DNA temelli hücresel tedaviyle T-ALL’de yeni umut: CAR-T yaklaşımı ve klinik deneyimler hakkında kapsamlı bilgiler.

İngiltere’de geliştirilen yeni bir tedavi yaklaşımı, T hücreli akut lenfoblastik lösemi (T-ALL) hastaları için umut vadeden sonuçlar gösterdi. Uygulanan tedaviyle 11 hasta sağlığına kavuştu ve hastalıkla olan savaşında yeni bir döneme adım attı. Bu yaklaşım, DNA’nın dikkatli bir biçimde düzenlenmesiyle “canlı bir ilaca” dönüştürülen tedavileri içeriyor. İlk kez uygulanan kişi olan 16 yaşındaki Alyssa Tapley, 2021 yılında T-ALL teşhisi konulmuştu. Ölüm sınırında kalan Alyssa’ya karşı uygulanan kemoterapi ve kemik iliği nakli beklenen yanıtı vermedi; 2022’de başlanan DNA tabanlı tedaviyle lösemiyi yenen genç kadın, şu an sağlıklı bir yaşam sürdürüyor.
Bu çerçevede, Alyssa gibi cevap vermeyen 10 hasta daha DNA tedavisiyle iyileşti. Uzmanlar, genetik bilimindeki ilerlemelerin daha önce mümkün görünmeyen tedavileri mümkün kıldığını belirtiyor. “İlk kez üç yıl önce uygulanmaya başlanan DNA tedavisi, eski bağışıklık sistemini yok edip yeni bir bağışıklık sistemi oluşturarak lösemiyle savaşmaya devam ediyor” açıklaması öne çıkıyor.
‘CAR-T uygulanır hale gelmiştir’ Prof. Dr. Burhan Turgut (Medical Park Bahçelievler Hastanesi) şu değerlendirmeyi paylaşıyor: Bu çalışma, önemli bir tedavi gibi karşımıza çıkıyor. T hücreli akut lenfoblastik lösemide artık CAR-T hücre tedavisi uygulanabilir durumda. CAR-T hücre tedavisi; kanser hücrelerini hedef alan T lenfositlerini genetik olarak değiştirerek, immün savunmanın en kritik unsurları olan bu hücrelerin kanser hücrelerini yok etmesini sağlıyor. Bu tedavi yöntemi, özellikle akut lenfoblastik lösemi, B hücreli lenfomalar ve multipl myelom gibi hematolojik kanserlerde son dönemde yaygın kullanıma girdi.

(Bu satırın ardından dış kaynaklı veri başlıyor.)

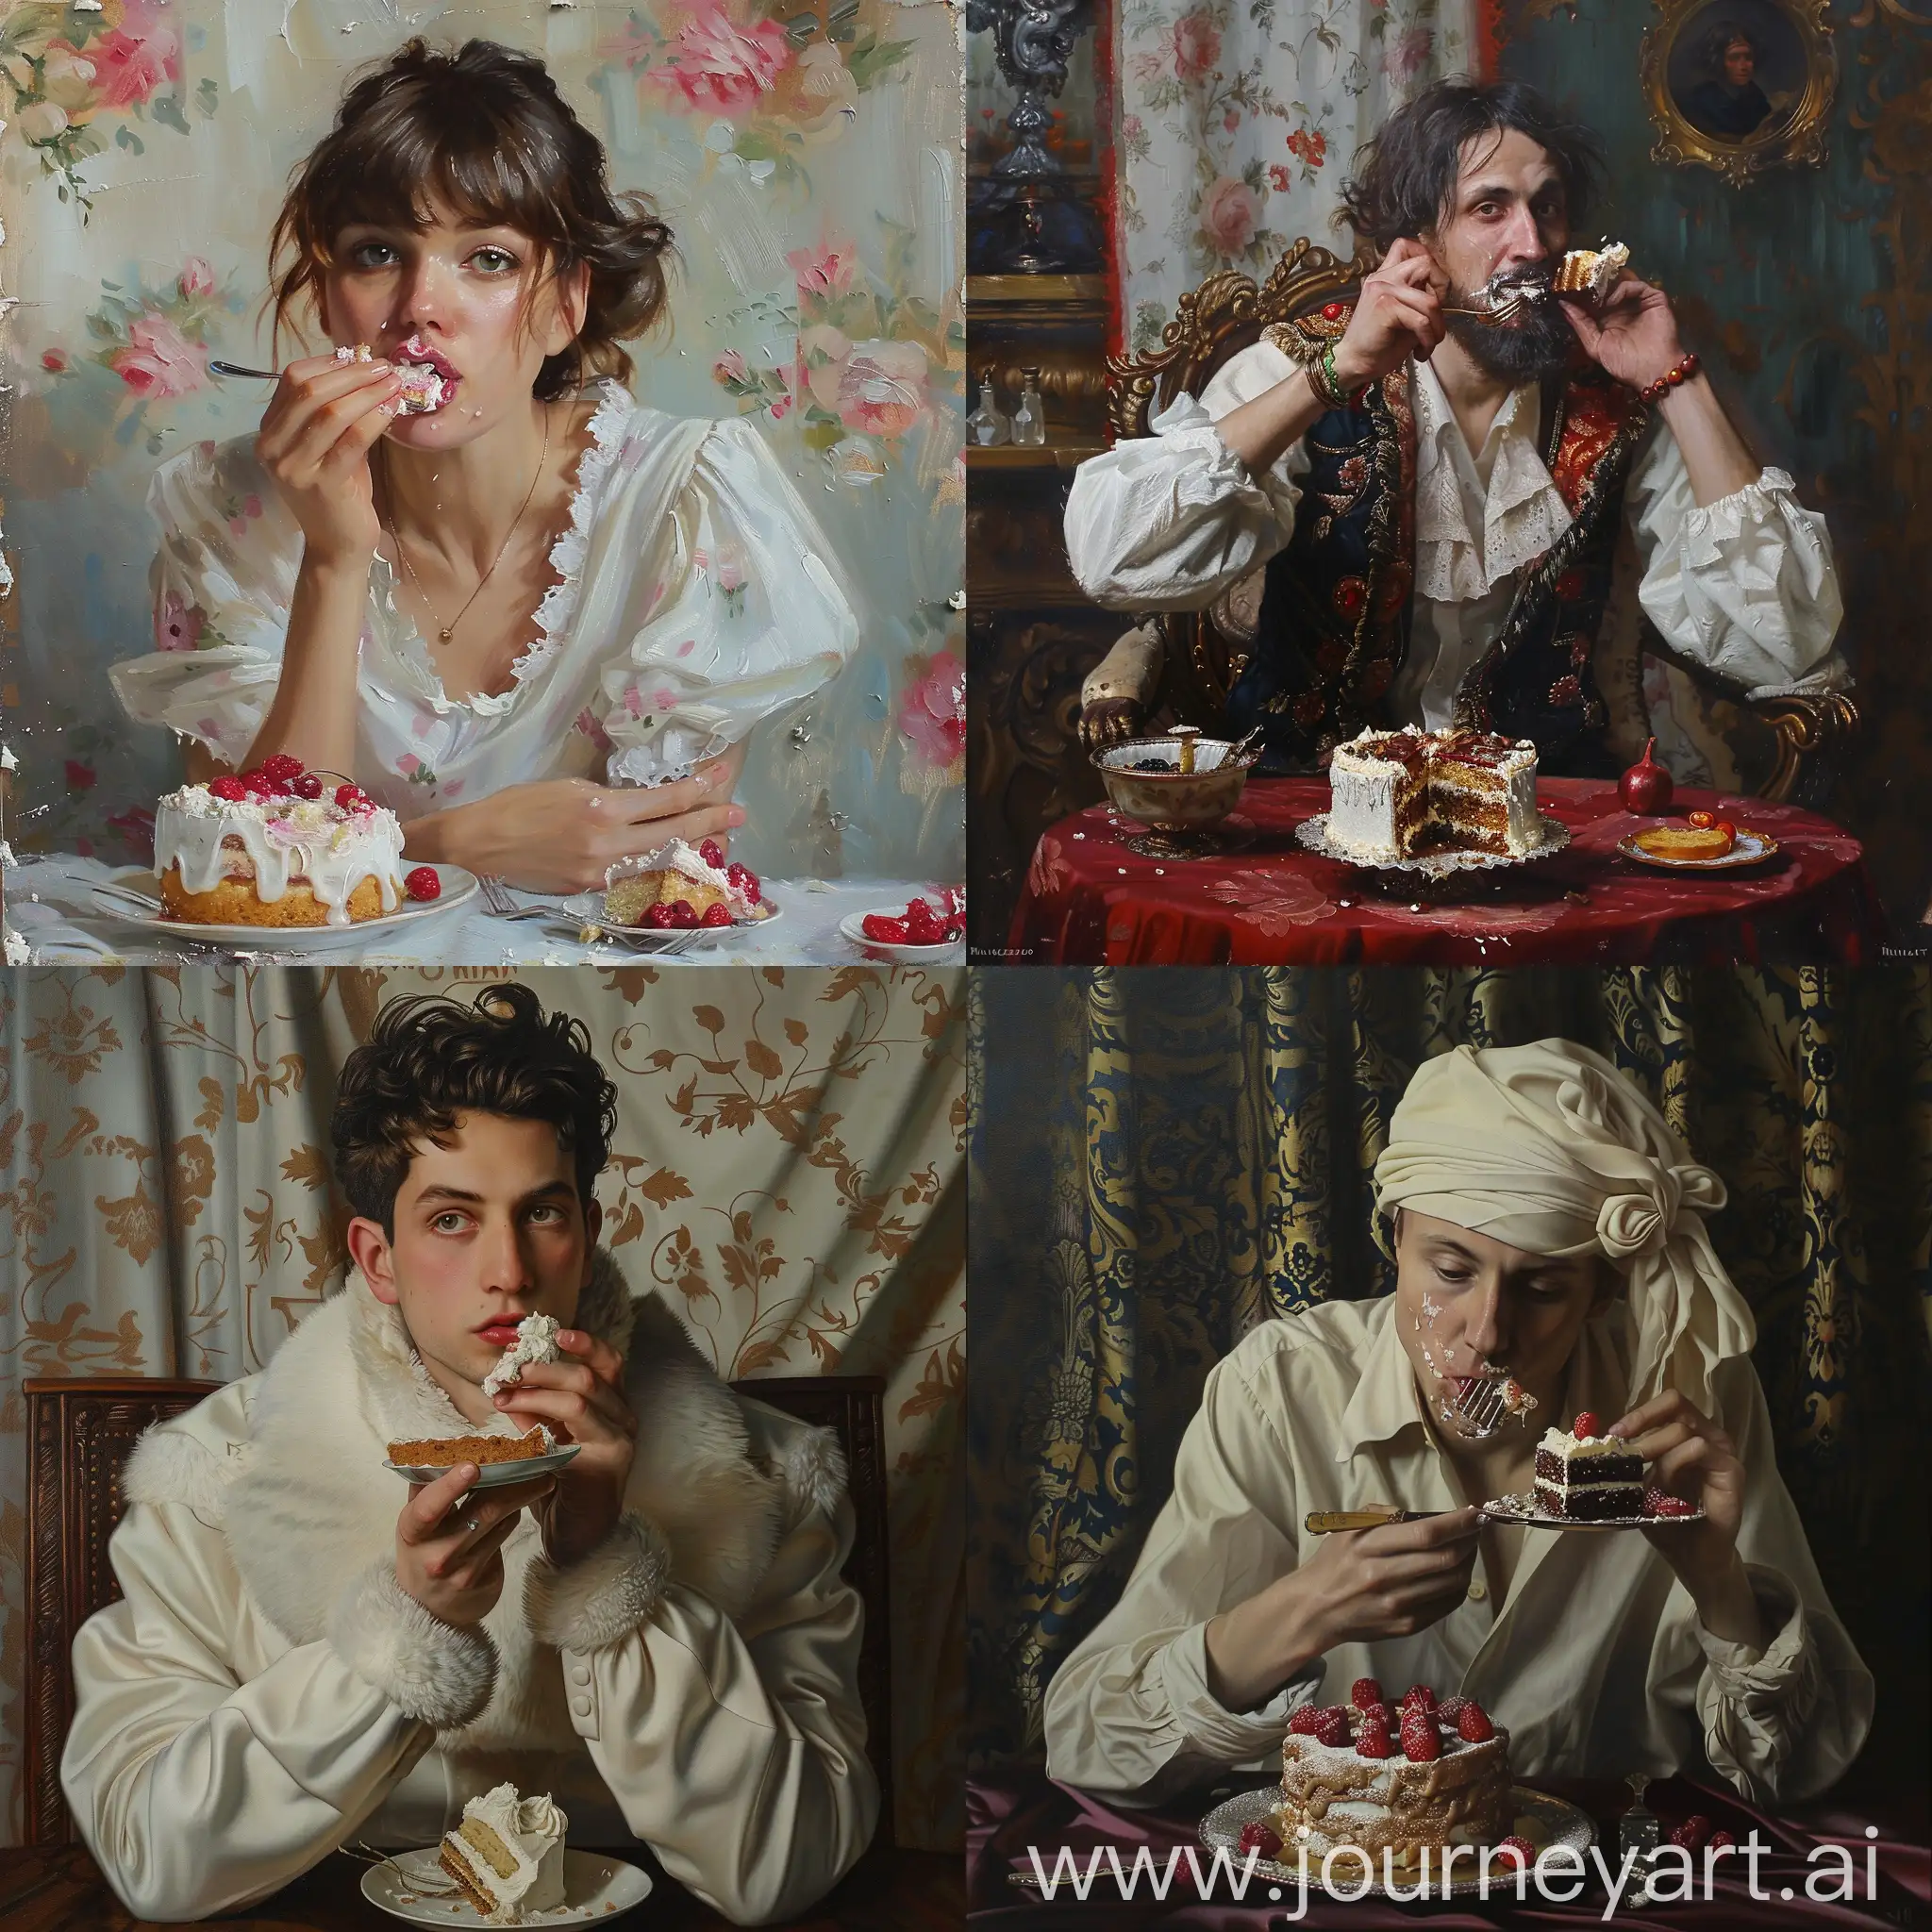 Rinat-Agzamov-Enjoying-Cake-Portrait-of-a-Gastronomic-Delight

-DİDEM SEYMEN Haber Merkezi
Türkiye’de de sınırlı uygulamalar var başlığı altında Prof. Dr. Burhan Turgut, ülke genelinde bu alanda preklinik çalışmalar ve klinik denemeler bağlamında sınırlı uygulamaların bulunduğunu ifade ediyor: “Bu tedaviyle lösemi tamamen ortadan kaldırılabiliyor; ancak tedavi sonrasında hastanın vücudundaki sağlıklı T lenfositler de yok olabildiğinden, kök hücre nakliyle hastaya yeni bir immün sistem kazandırılması gerekecektir. Çalışmalarda bazı hastaların yaşamı kurtulsa da yan etkilerin yönetimi konusunda çalışmalar sürüyor. Bu ve benzeri bağışıklık sistemi hücrelerinin genetik mühendislikle değiştirilip kansere karşı kullanımı her gün daha da ivmeleniyor.”